* [WHAT IS EXPECTED] Once the line containing "NWA KLM Toiletry" is found in the entries below, reproduce it and every line after it, stopping at and including the line containing "anime icons (@lxwicons)"; reproduce nothing else, and keep each line exact.

* [EXERCISE DATA]

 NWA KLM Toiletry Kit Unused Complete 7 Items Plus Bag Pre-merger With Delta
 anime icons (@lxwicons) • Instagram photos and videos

---

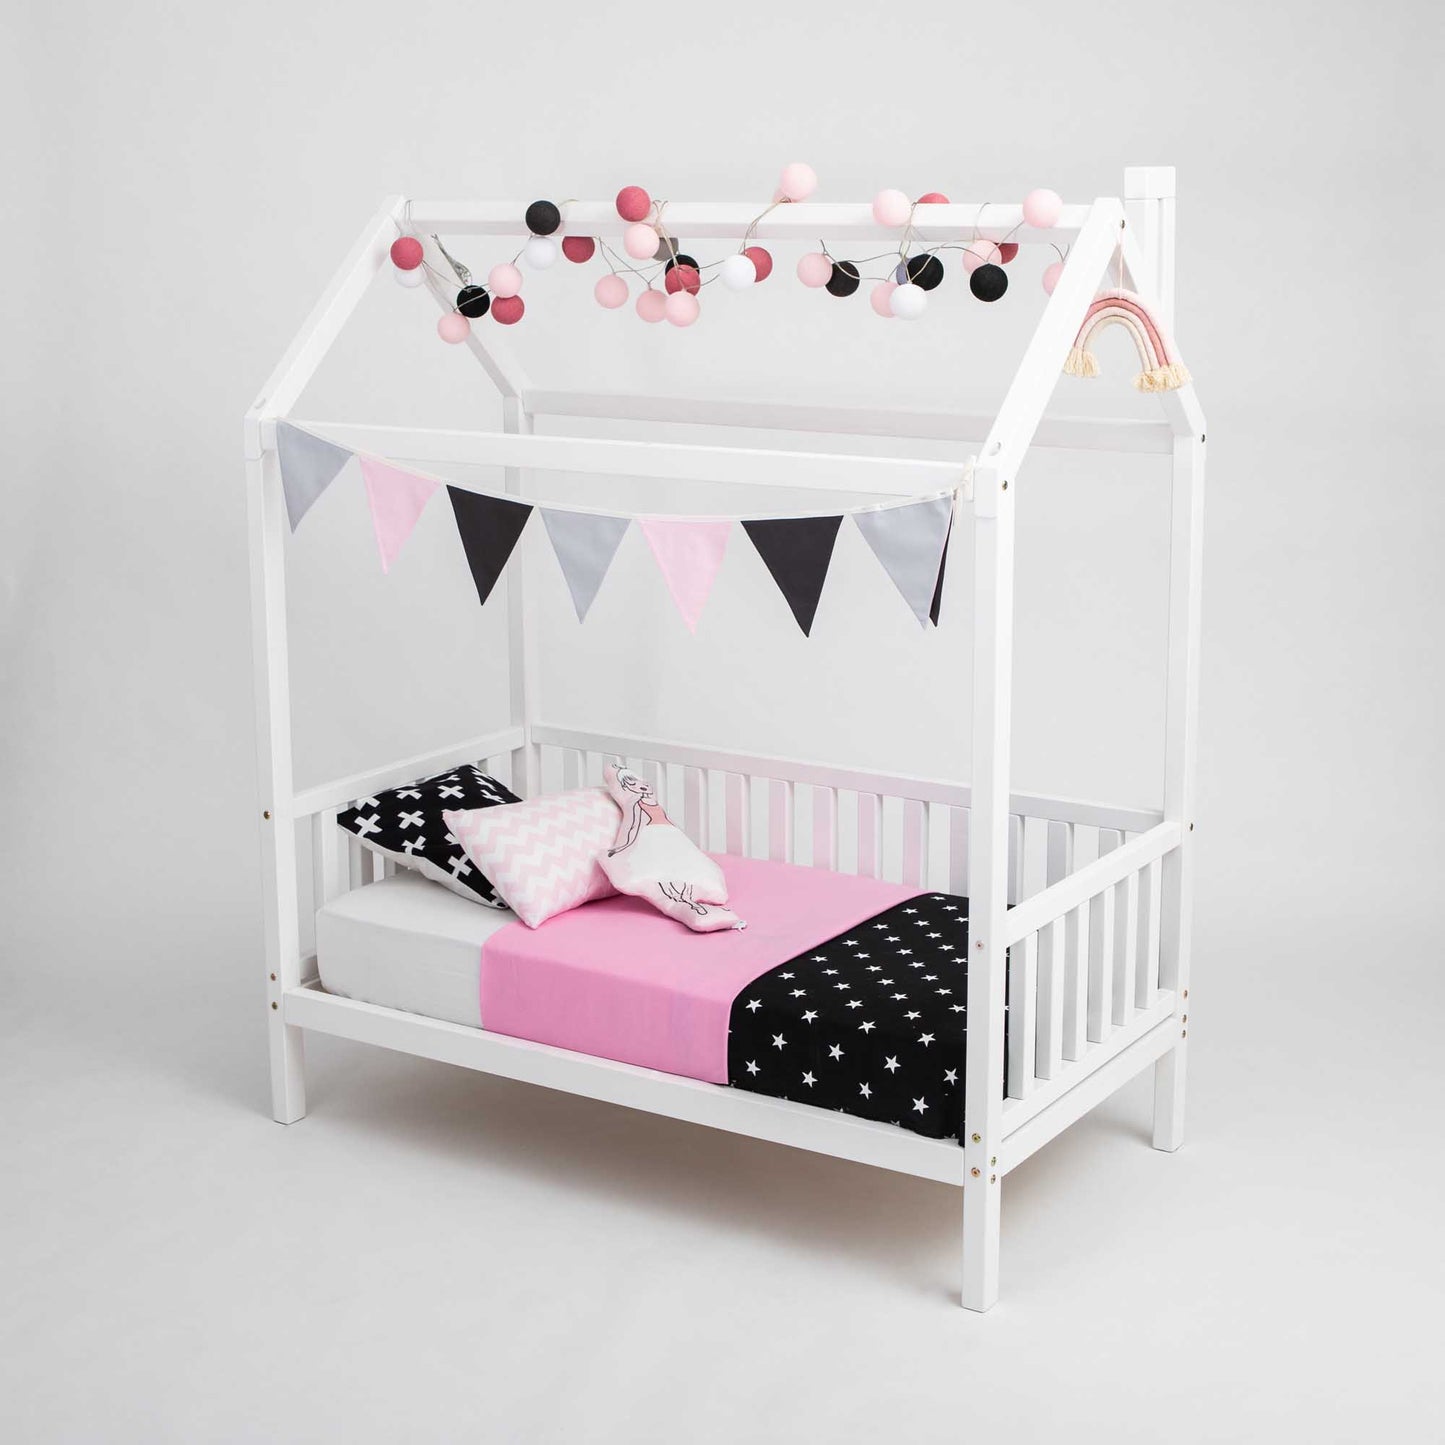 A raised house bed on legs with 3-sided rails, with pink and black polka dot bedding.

* [RESPONSE AREA]
 NWA KLM Toiletry Kit Unused Complete 7 Items Plus Bag Pre-merger With Delta
 anime icons (@lxwicons) • Instagram photos and videos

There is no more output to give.